Яшмовый Ульгень. За седьмой печатью. Серия «Приключения Руднева» - Евгения Якушина 11 стр.


Зинаида просияла. Екатерина онемела от обиды. Никитин засуетился. Нервно снимая и надевая очки, он в нерешительности переминался с ноги на ногу.

– Я… Я конечно… Но мне нужно Екатерину Афанасьевну проводить… – пробормотал он неуверенно.

Ему на помощь пришёл Руднев:

– Если Екатерина Афанасьевна не против, я почту за честь её проводить, – вызвался он учтиво.

Не видя для себя иного достойного выхода из сложившейся ситуации, Катерина взяла Руднева под руку.

– Вы очень любезны, Дмитрий Николаевич, благодарю вас!

Садясь в извозчичьи сани, Катерина едва не плакала от досады. В другой раз она была бы счастлива проехаться в обществе столь привлекательного и приятного молодого человека, но сейчас её снедала обида от того, что демонический Рагозин её с собой не позвал, а ещё более от того, красавица Зинаида его приглашением удостоилась.

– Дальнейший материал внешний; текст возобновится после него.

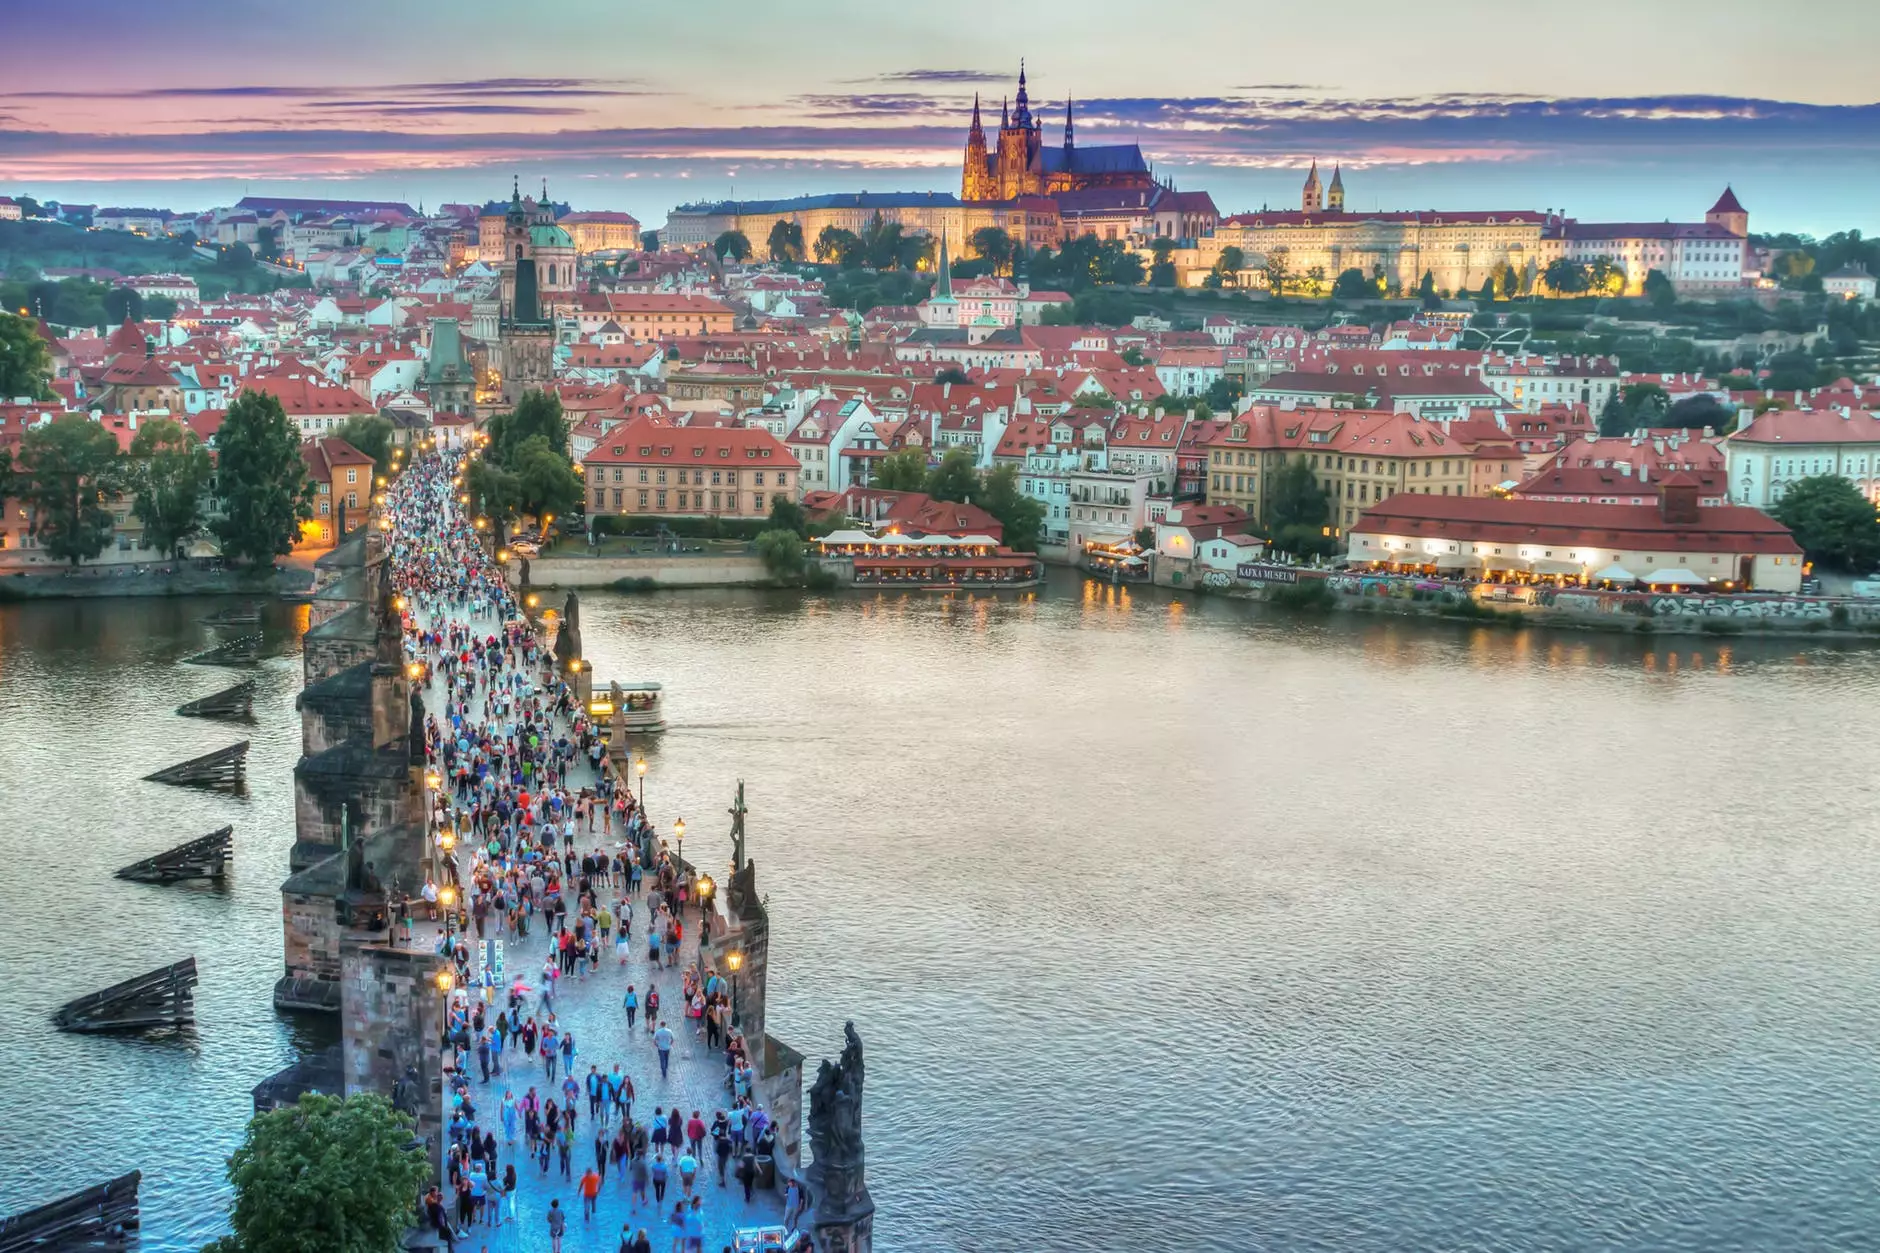 Ryanair offer cheap flights to destinations like Prague.

Руднев же то ли не понимал переживаний Катерины, то ли делал вид. Всю дорогу он пытался развлекать её пустячными разговорами, а прощаясь у её дома, заявил, что был бы счастлив написать её портрет в образе Королевы мая. Кем была эта самая королева, Катерина не знала, но предложение Руднева настроение ей заметно поправило, и она снисходительно пообещала над ним подумать.

Глава 2.

Через несколько дней Катерина с подругой снова встретились с тремя студентами, с которыми были на лекции Строгонова. Они поджидали курсисток после занятий, чтобы проводить.

После давешнего происшествия отношения между подругами были несколько натянутыми. Зинаида всё это время ходила с каким-то чрезвычайно взволнованным и загадочным видом, время от времени хватая подругу за руки и жарко шепча:

– Ах, Катенька! Если бы я только могла тебе всё рассказать!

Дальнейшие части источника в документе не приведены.